How to code using shell ?

Thank you! Your help is greatly appreciated!

The following seems to do what you want:

awk '
FNR == 1 { next } # Skip header.
last != $1","$2","$3","$4 { # Switch to new file.
        if(fn != "") close(fn) # close previous output file.
        fn = sprintf("s%03d_run%d_condition%d_ACC%d", $1, $2, $3, $4) # Set new output file name.
        last = $1","$2","$3","$4 # Save key for new file.
}
{       print > fn } # Add line to split file.
' a.txt

If you want to run this on a Solaris/SunOS system, change awk to /usr/xpg4/bin/awk , /usr/xpg6/bin/awk , or nawk .

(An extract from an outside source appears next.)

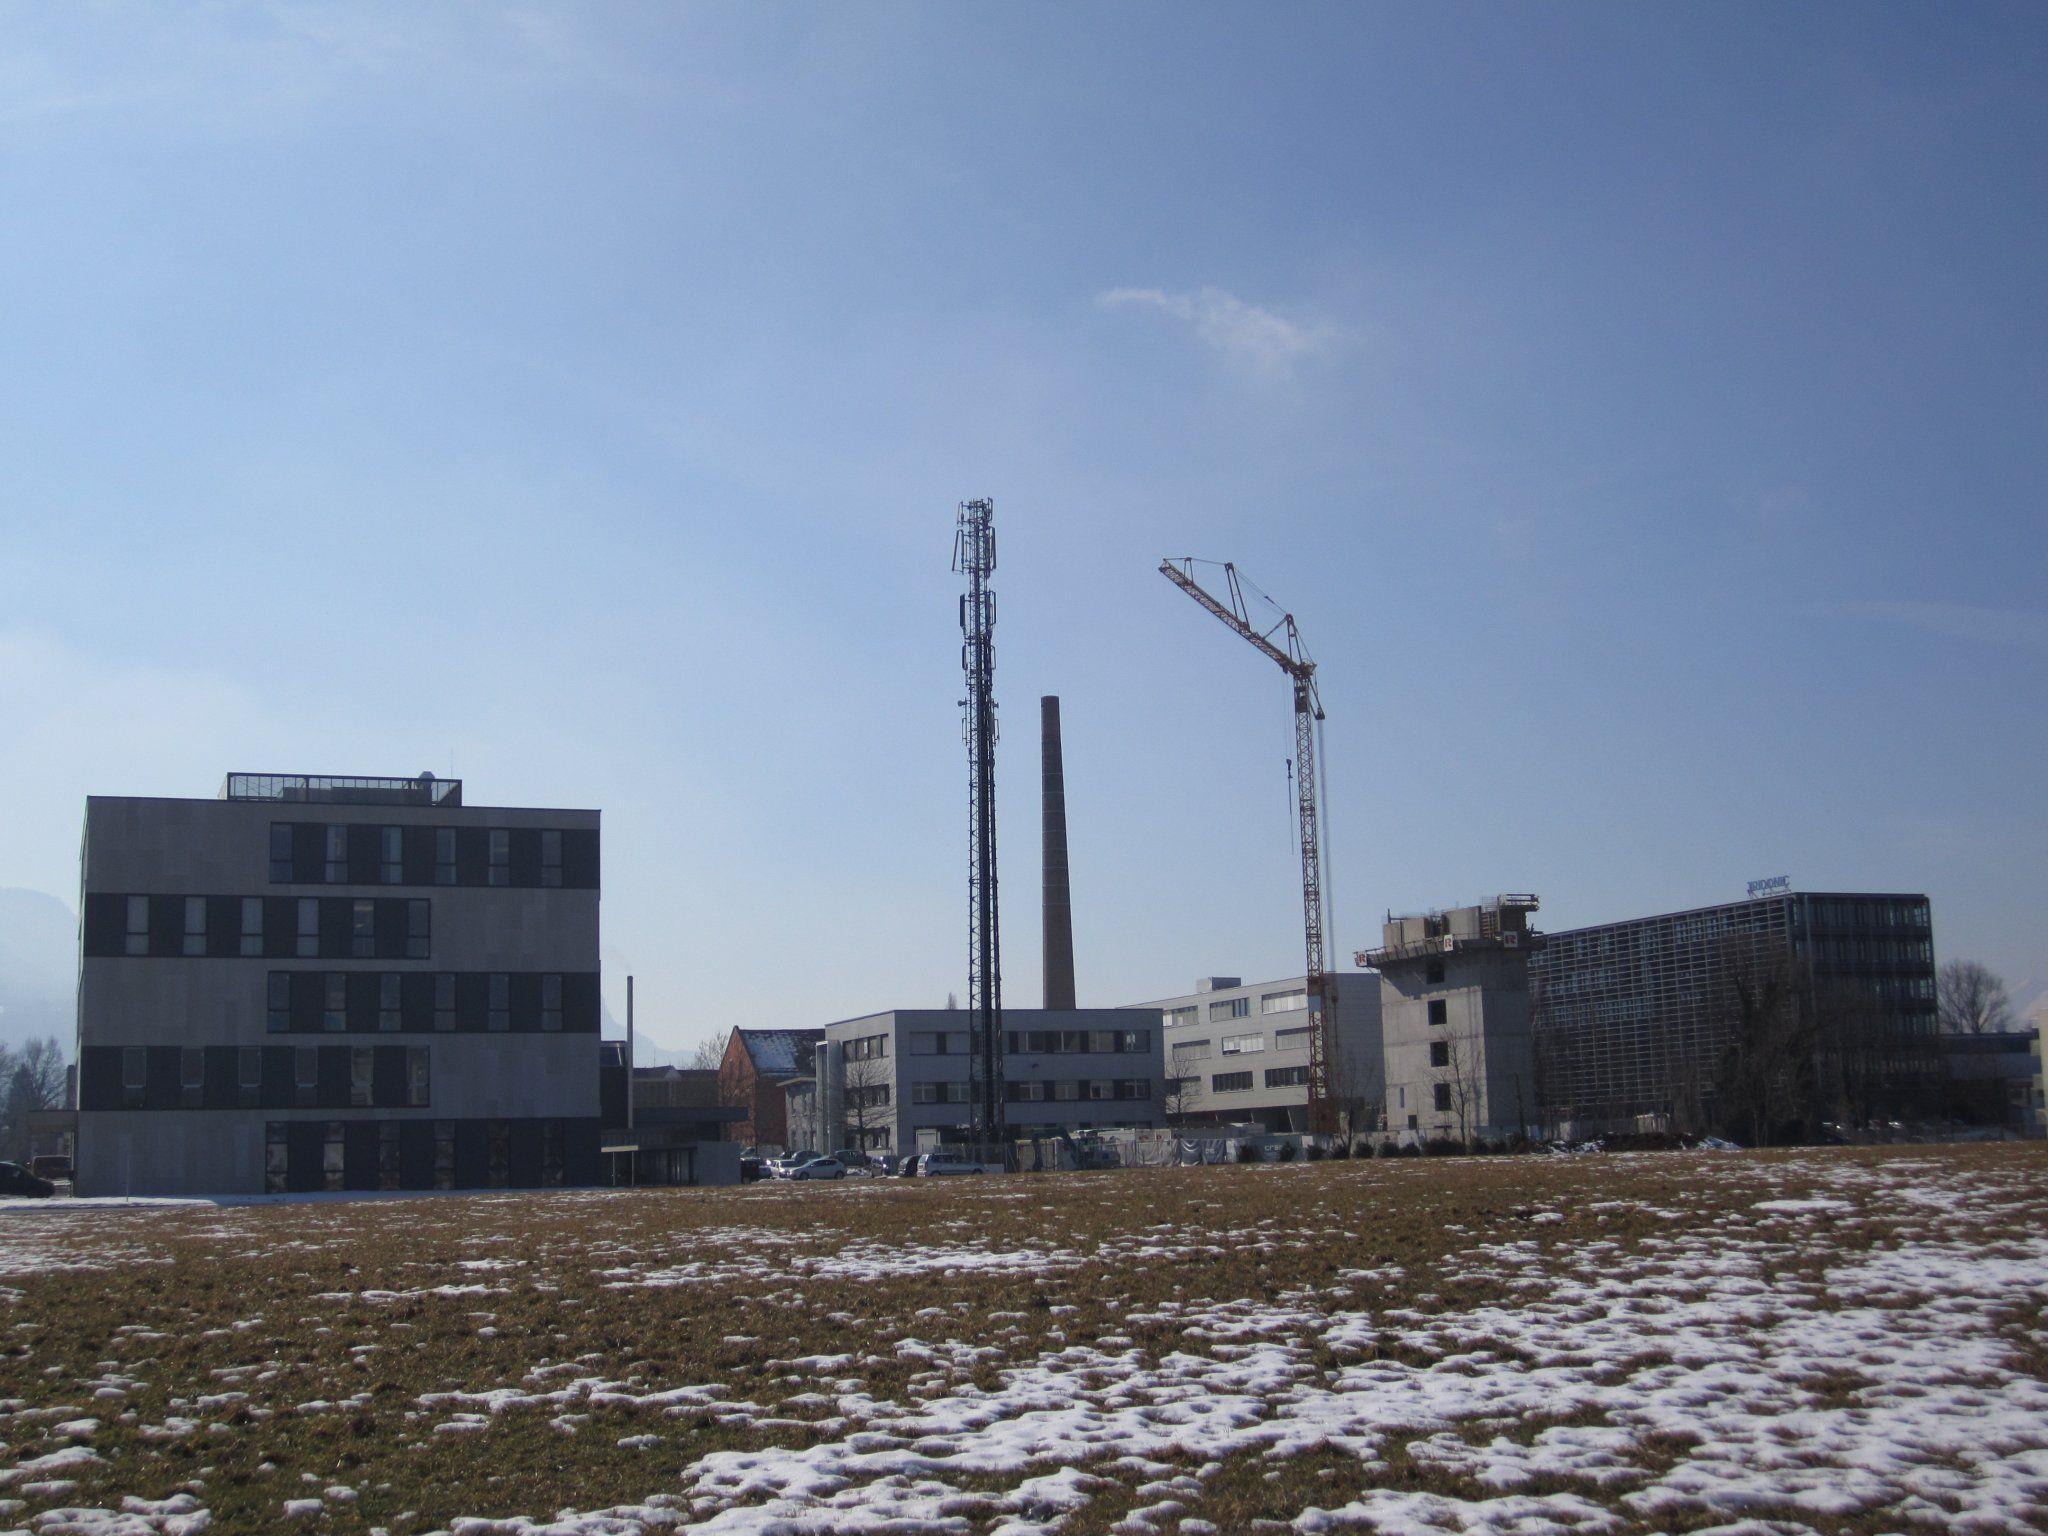 Mit dem Bau des LifeCircle Towers wurde bereits begonnen.

Note that this script is based on a few assumptions:

  1. The split files should not contain a header line; only data lines.
  2. The input lines for a every combination of subject, run, condtion, and ACC are all adjacent in your input file.
  3. If there are any split output files from a previous run, you want to replace those files rather than append the new data to them.

If any of these assumptions are incorrect, this script will need to be modified.